I best workplaces italiani hanno registrato una crescita media dei ricavi del +20% rispetto all'anno precedente, contro l'aumento dell'1% osservato dalle imprese dell'indice Istat nei settori industria e servizi. Questo divario evidenzia come la cultura aziendale orientata al benessere influisca su più dimensioni: attrazione e retention dei talenti, riduzione del turnover, incremento della produttività e maggiore capacità di innovazione.


Investire in iniziative che rafforzano la fiducia e il well-being non è più solo una scelta di reputazione, ma una leva competitiva concreta.

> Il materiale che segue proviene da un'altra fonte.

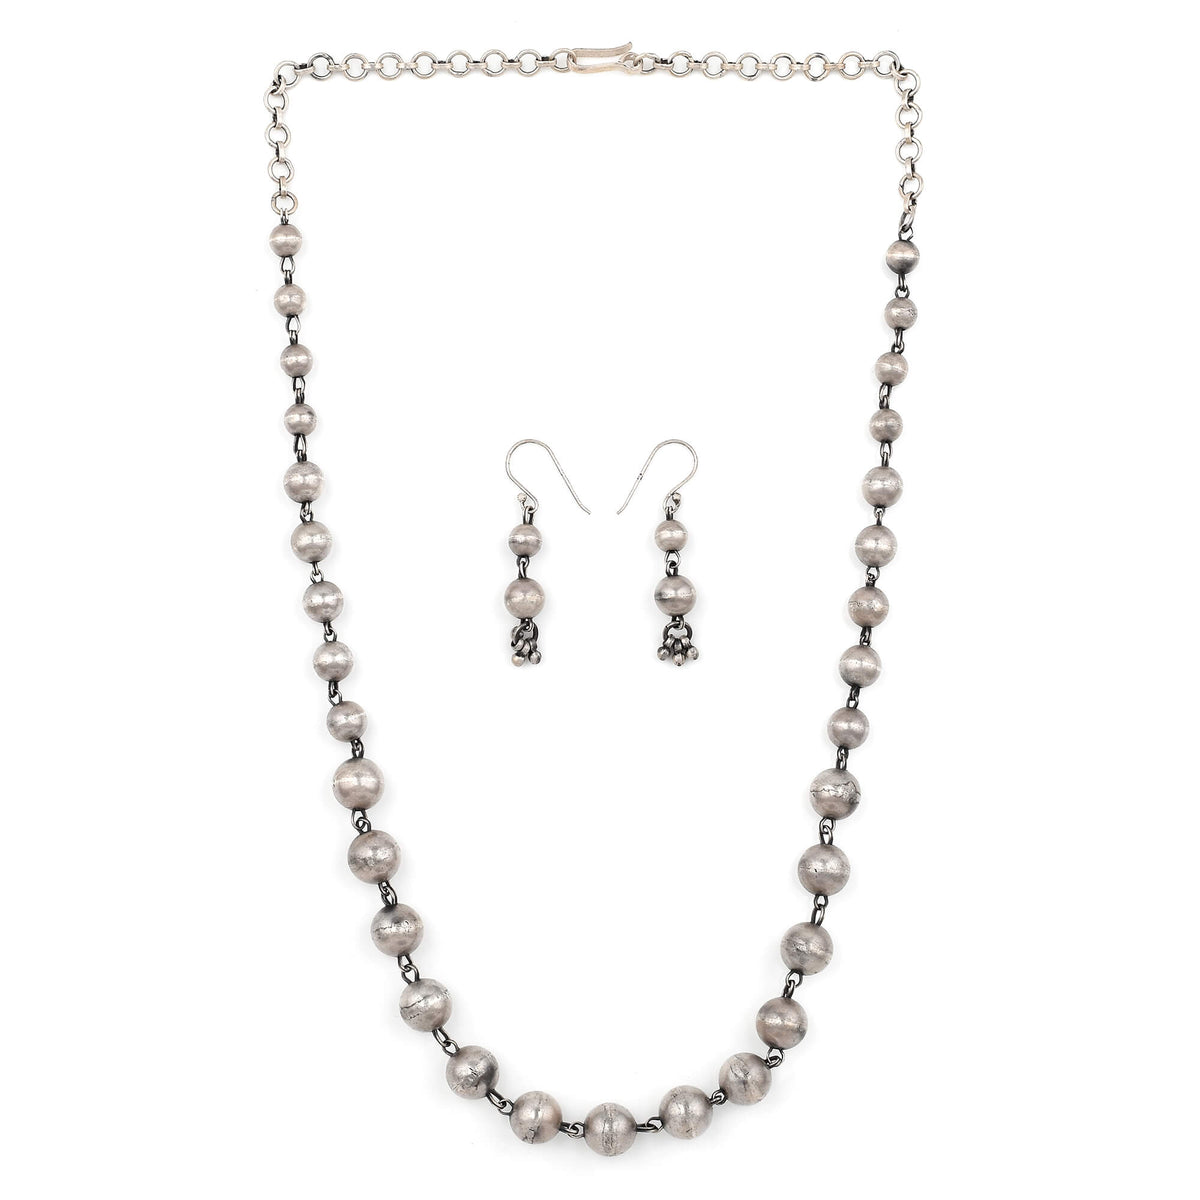 Oxidized Silver Bead Necklace Set

Le organizzazioni che curano il proprio ambiente di lavoro riducono i costi legati al turnover, trasformano i dipendenti in brand ambassador più orgogliosi e capaci di promuovere il marchio, attraggono i talenti più qualificati in un mercato guidato da valori e work-life balance, e liberano il potenziale creativo necessario per l'innovazione nella moda. In sintesi, mettere le persone al centro si traduce nella leva finanziaria più potente a disposizione delle imprese del settore.